Latham & Watkins, anxious to turn the page after the unexpected departure of William Voge, named firm veteran Richard Trobman to replace him as chair.
Trobman, 52, is a London-based capital markets partner and a former vice chair who joined Latham out of law school. His appointment, announced Friday, was effective immediately.
Voge left in March amid allegations of questionable communications with a woman unconnected to the firm, and several partners sought to replace him.
Voge, a project finance lawyer, also worked in Latham’s London office, and Trobman’s elevation appears to underscore the premium its partners place on accelerating practice growth in financial centers.
Trobman takes over the No. 2 highest-grossing firm, with more than $3 billion in revenue last year.
Since the financial crisis, it has rebuilt its fortunes across a number of practice areas, especially corporate transactions, finance and litigation. With some 2,400 attorneys, it’s also beefed up its ranks, particularly in London and other financial centers.
Trobman has “a proven track record of bold and innovative leadership” and “brings a deep understanding of the ever-evolving dynamics of the market to the role,” the firm said.
Trobman showed a “deep commitment” and “sound judgment” as well as “calm and a sense of equanimity,” Ora Fisher, the firm’s vice chair, said.
“Over the years, he has played instrumental roles at the firm, bringing bold thinking and strategic insight. Perhaps most important of all, Rich deeply understands our culture,” Fisher added.
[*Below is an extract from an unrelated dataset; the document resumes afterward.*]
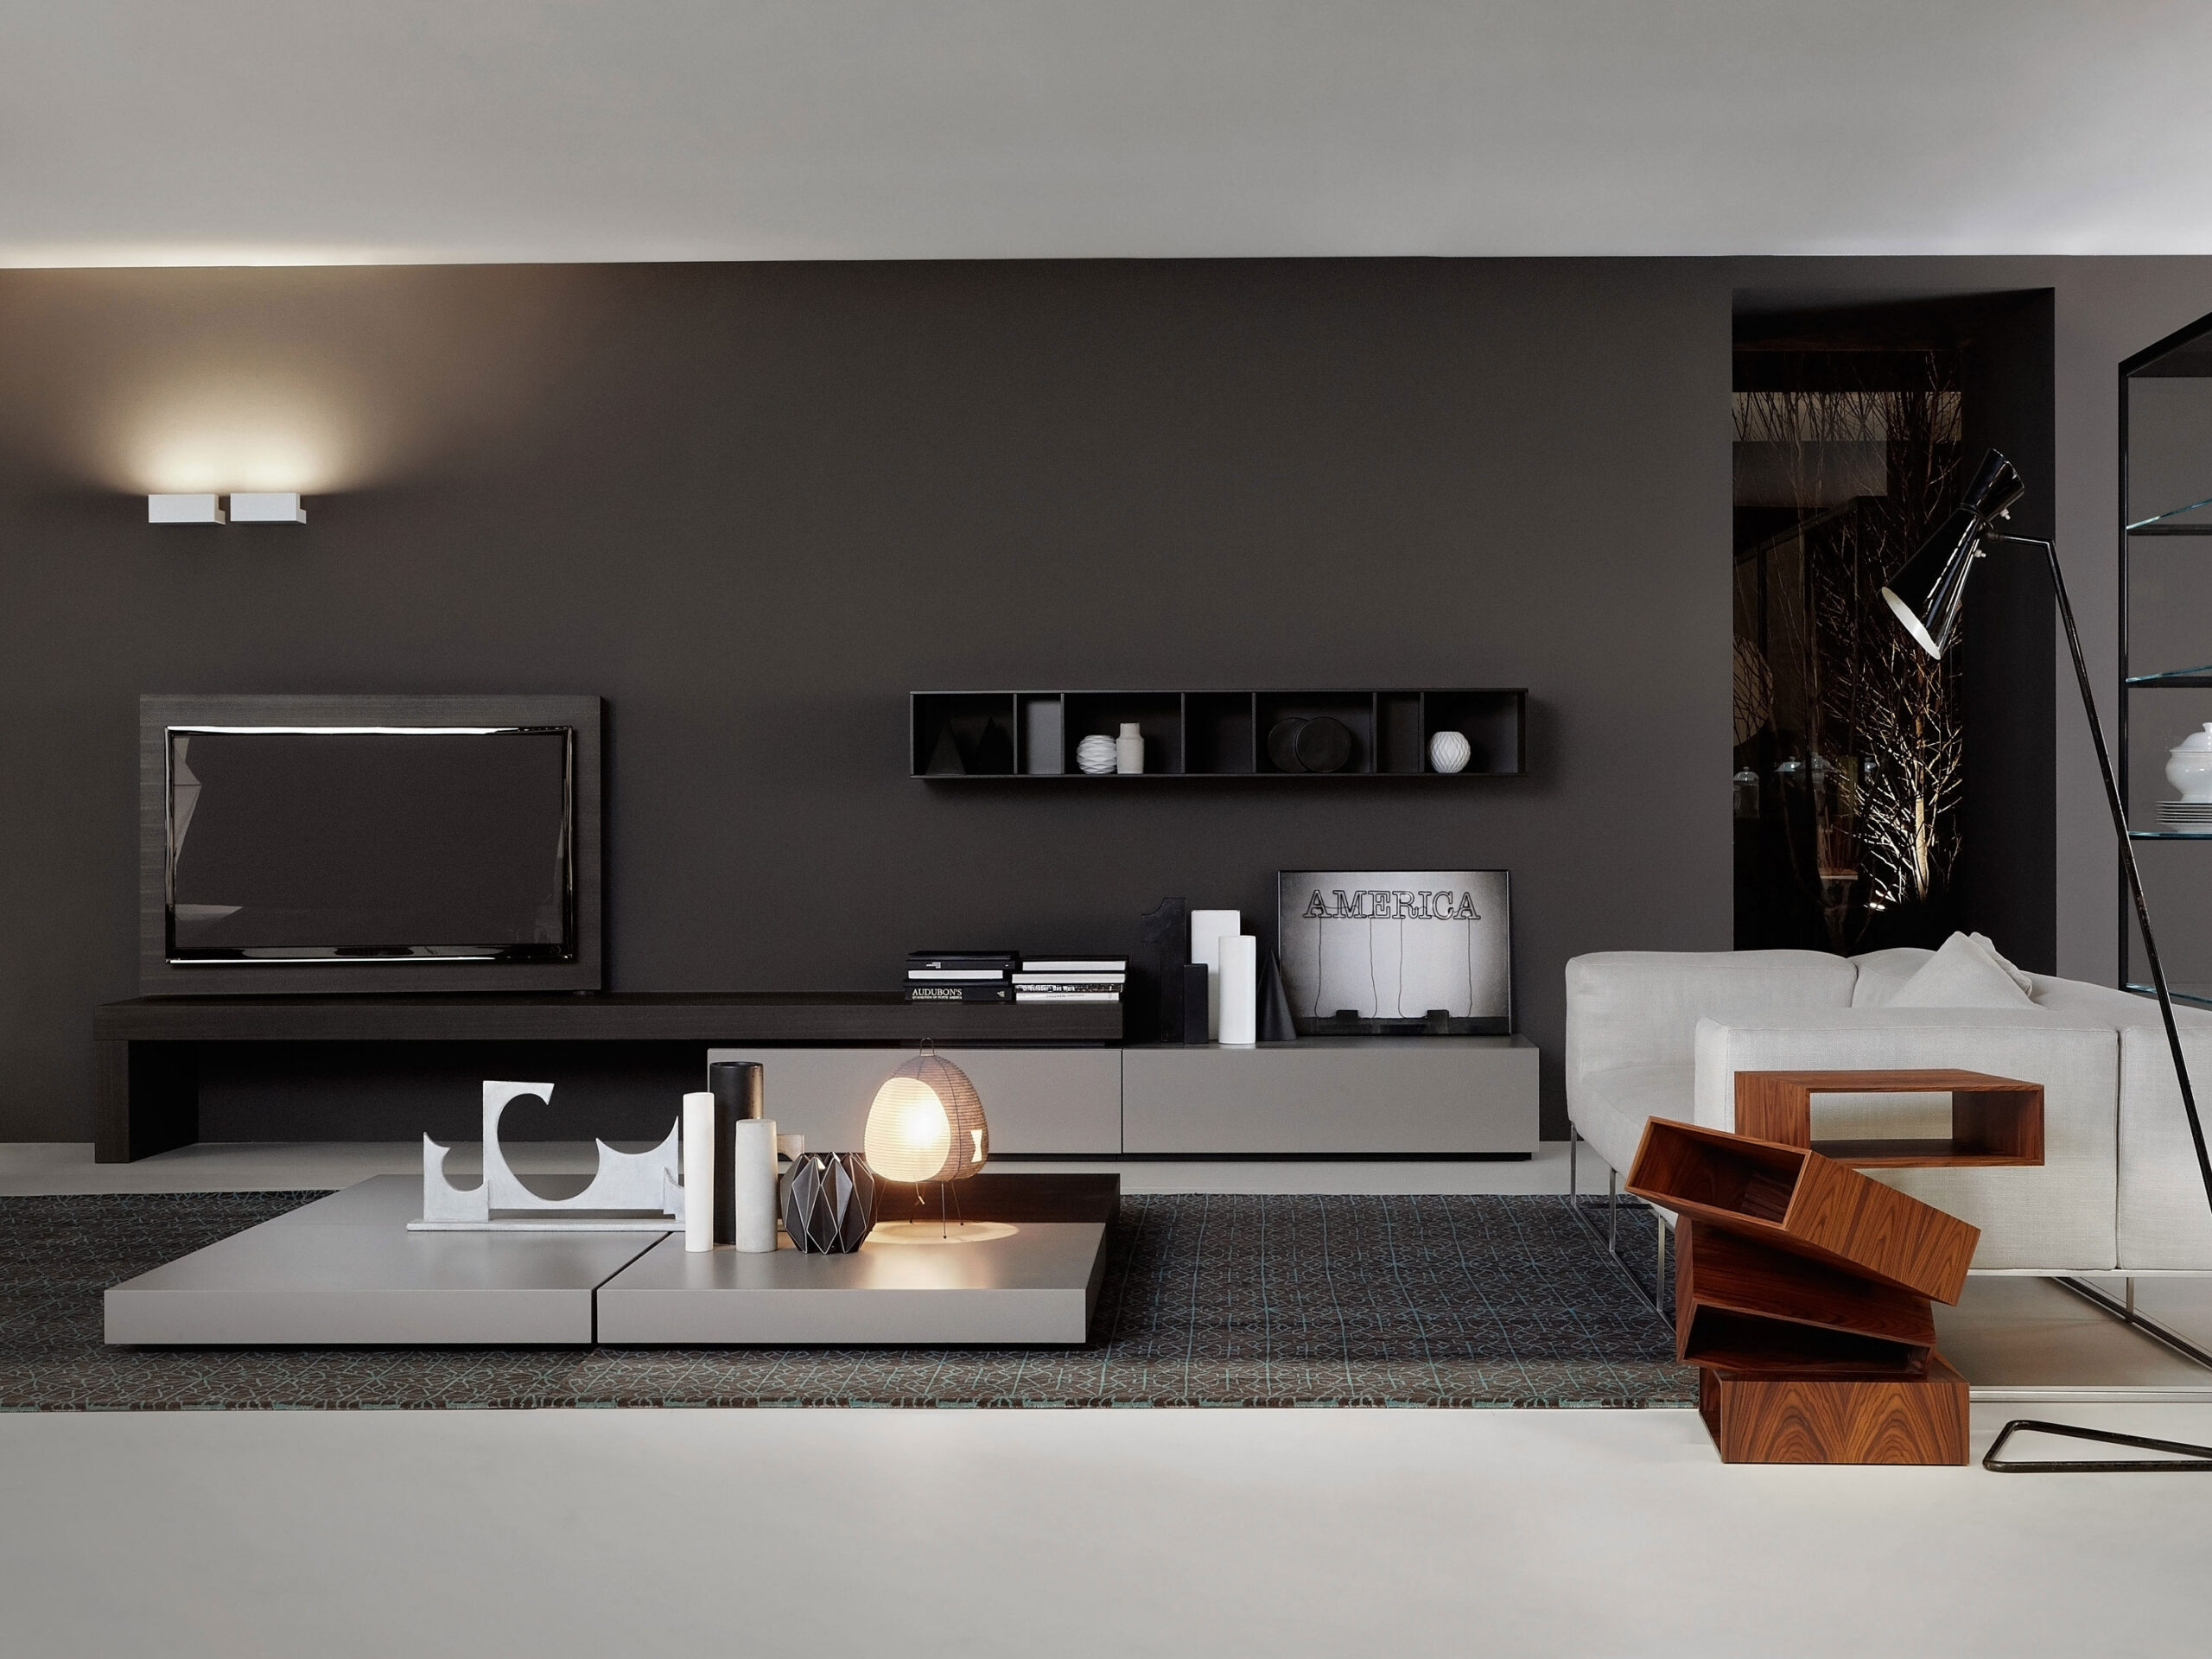 only furniture but design-oriented - TV not also practical,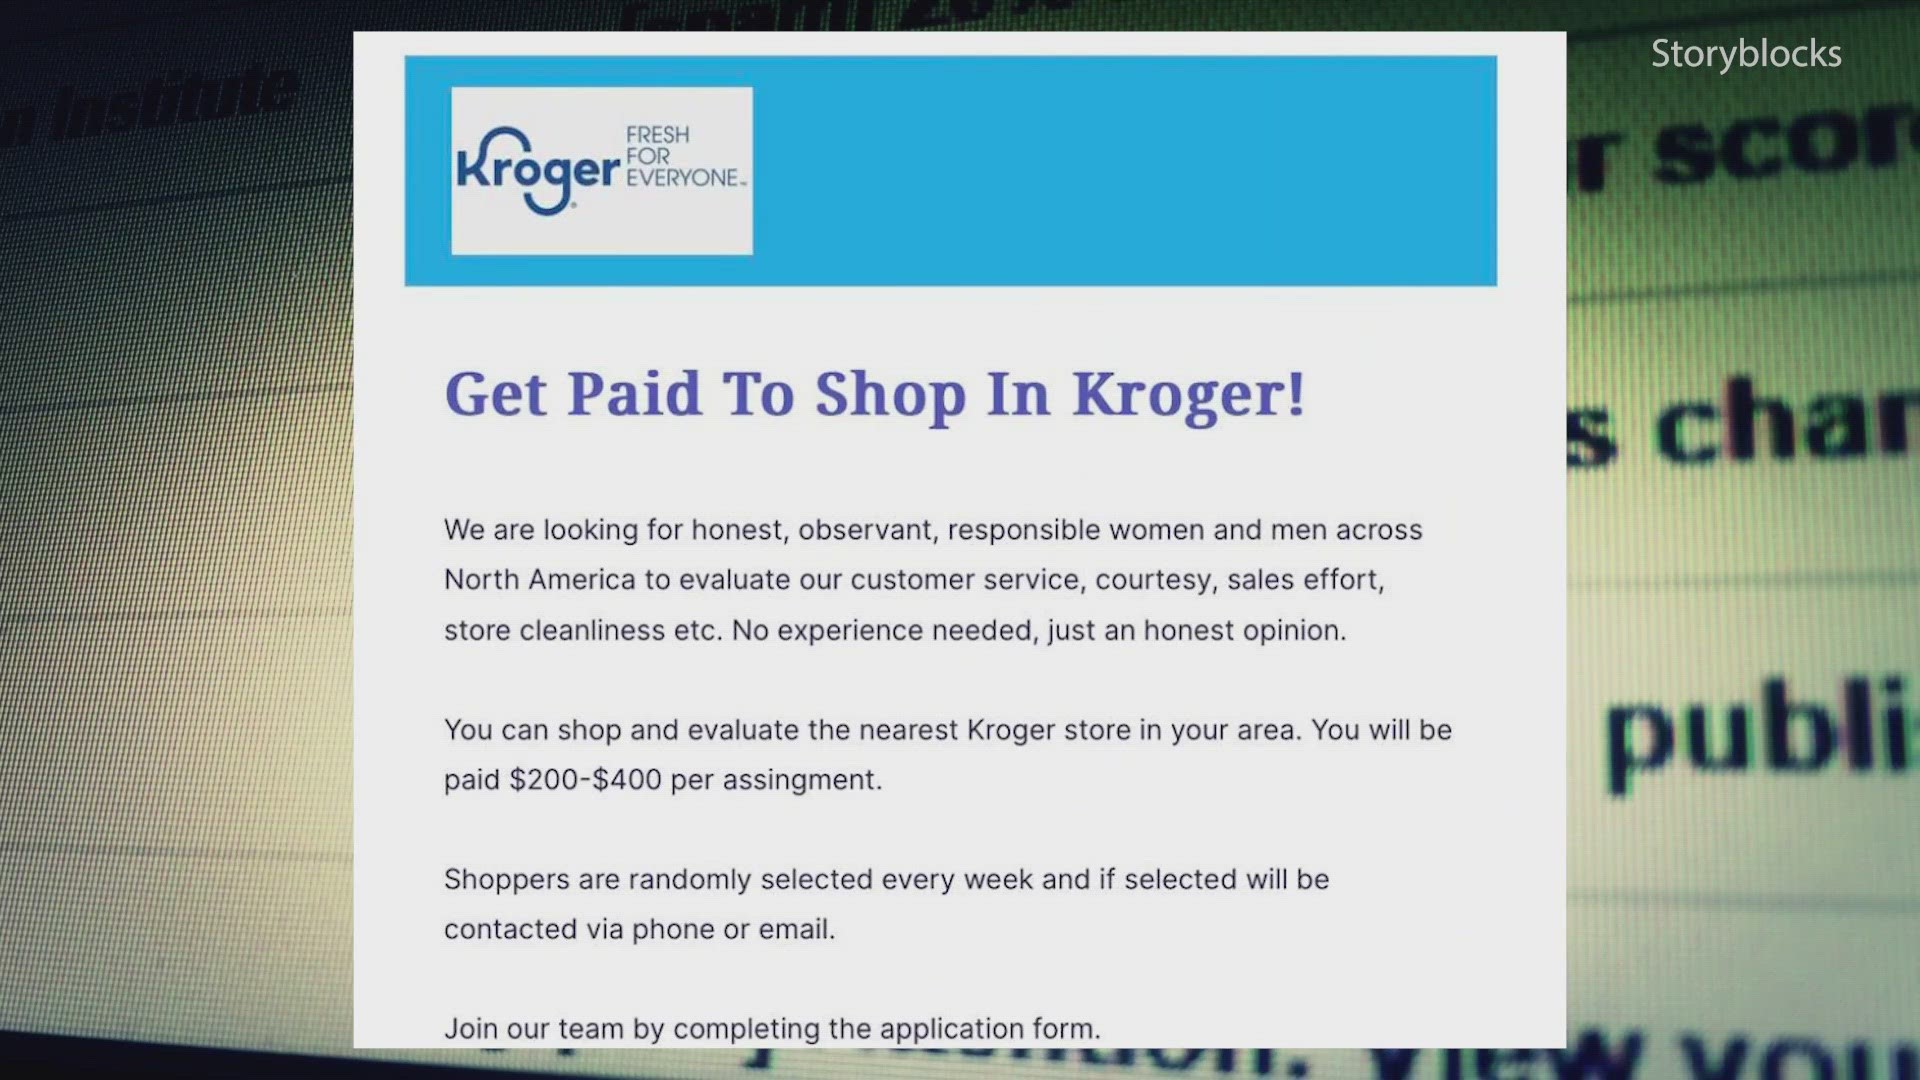 A viewer told the VIERFY team that they got an email from Kroger saying they could get up to $400 to be a secret shopper.

Latham declined to make Trobman available for an interview with Bloomberg Law.
In a statement, he attributed the firm’s eight years of revenue growth to client service and teamwork, and to “our disciplined focus on building high-end practices.”
Trobman signed on with Latham in 1991 in Los Angeles before moving to New York and then London in 2000.
There, he’s represented investment banking and private equity firms, and companies in public and private offerings, restructurings, and M&A transactions.
His clients have included The Carlyle Group and Nordic Capital, as well as investment banks, including JP Morgan, Credit Suisse and Goldman Sachs.
Trobman served on Latham’s executive committee before being elected vice chair in 2017.
Latham takes over as law firms seek to expand services for their multinational clients to successfully address complex cross-border issues.
Earlier this year, for example, Latham indicated it plans to grow its real estate practice domestically and abroad when it hired a new real estate co-chair, Michael Haas.
Trobman may also still have to deal with any fallout from disclosures that a firm client, Columbus Nova, reportedly funded by a Russian energy oligarch, poured money into an unusual and once-secretive consulting venture owned by President Donald Trump lawyer Michael Cohen.
The extent to which Cohen’s records will be disclosed publicly is being decided in federal court.